Box 10.1: Regional climate change in AOGCMs which use SRES emission scenarios

This box summarises results on regional climate change obtained from a set of nine AOGCM simulations undertaken using SRES preliminary marker emission scenarios A2 and B2. The models are CGCM2, CSIRO Mk2, CSM 1.3, ECHAM4/OPYC, GFDL_R30_c, HadCM3, MRI2, CCSR/NIES2, DOE PCM, (numbered 7, 10, 12, 15, 18, 23, 27, 31 and 30 in Chapter 9, Table 9.1). The results are based on data for 2071 to 2100 and 1961 to 1990 that have been directly analysed and assessed by the lead authors. These results should be treated as preliminary only.

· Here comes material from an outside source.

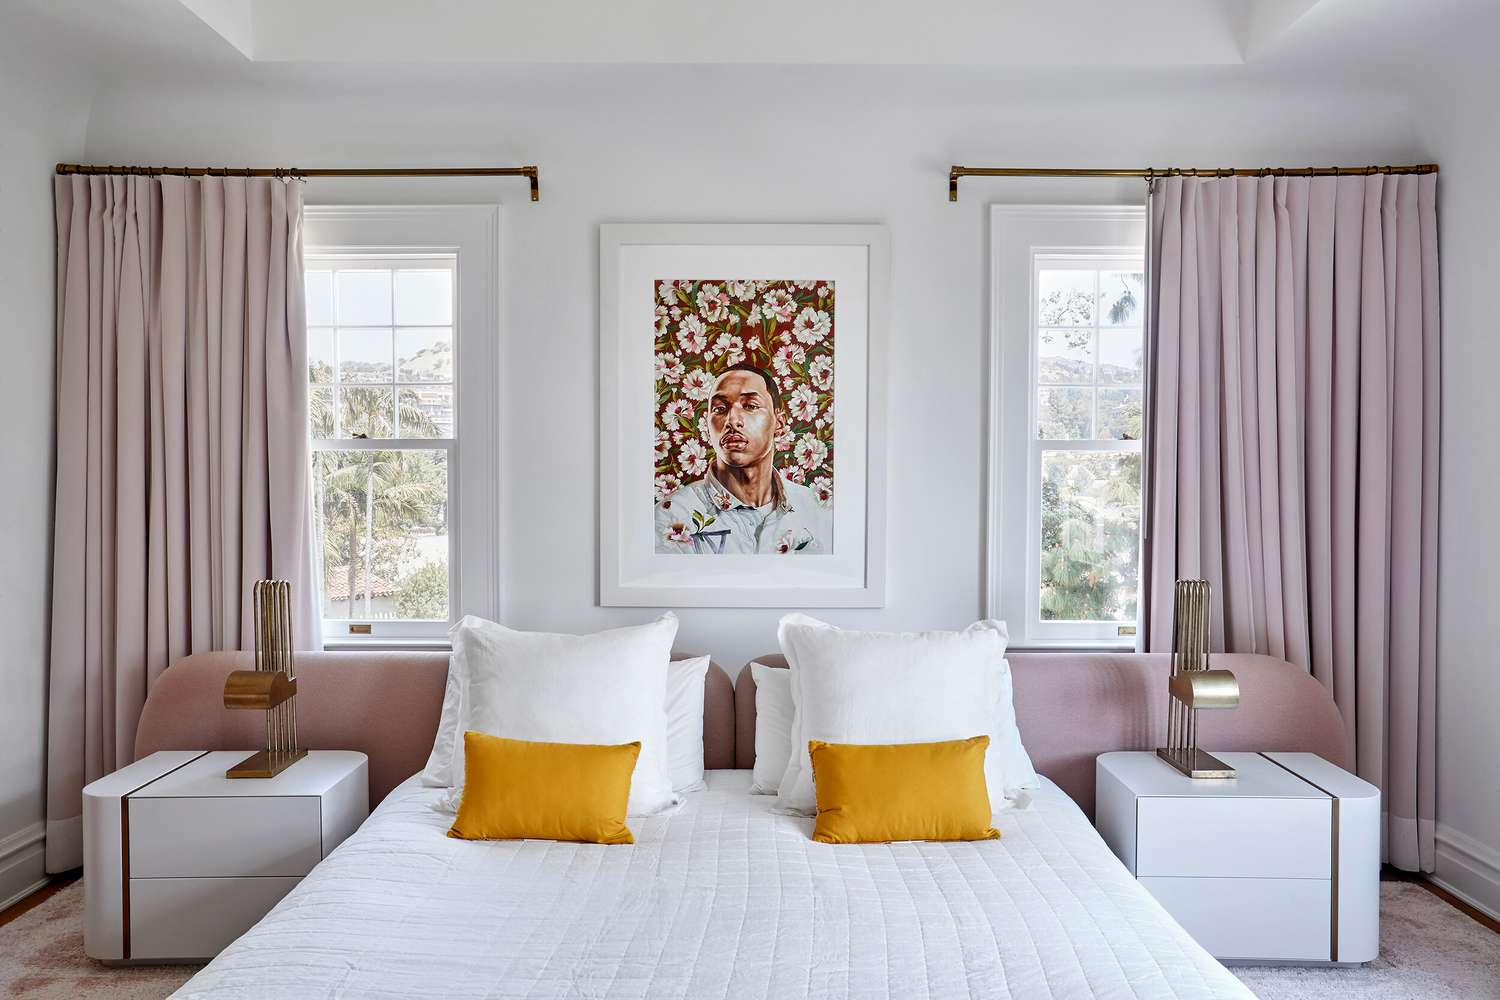 Minimalist bedroom artwork

Regional changes in precipitation and temperature were calculated using the same methodology as that of Giorgi and Francisco (2000b) (see Figures 10.1, 10.3 and 10.5). The results were then assessed for inter-model consistency using the same method as that used in Figures 10.4 and 10.6 for the earlier set of simulations. The results for temperature are in Box10.1, Figure1 and for precipitation in Box10.2, Figure2.

The SRES results may be compared with the earlier results summarised in Figures 10.4 and 10.6 (which will be referred to here as the IS92a results). However, it should be noted that these two sets of results differ in the set of models used (both in the model versions and in the total number of simulations), and in the scenarios contrasted in each case (for IS92a it is GHG-only versus GHG+sulphate and for SRES it is A2 versus B2). Also, due to differences in the number of models, thresholds for agreement are not the same in each case (although they have been chosen to be as nearly equivalent as possible).

Box 10.1, Figure 1: Analysis of inter-model consistency in regional relative warming (warming relative to each model’s global warming). Regions are classified as showing either agreement on warming in excess of 40% above the global average (‘Much greater than average warming’), agreement on warming greater than the global average (‘Greater than average warming’), agreement on warming less than the global average (‘Less than average warming’), or disagreement amongst models on the magnitude of regional relative warming (‘Inconsistent magnitude of warming’). There is also a category for agreement on cooling (which never occurs). A consistent result from at least seven of the nine models is deemed necessary for agreement. The global annual average warming (DJF and JJA combined) of the models used span 1.2 to 4.5°C for A2 and 0.9 to 3.4°C for B2, and therefore a regional 40% amplification represents warming ranges of 1.7 to 6.3°C for A2 and 1.3 to 4.7°C for B2.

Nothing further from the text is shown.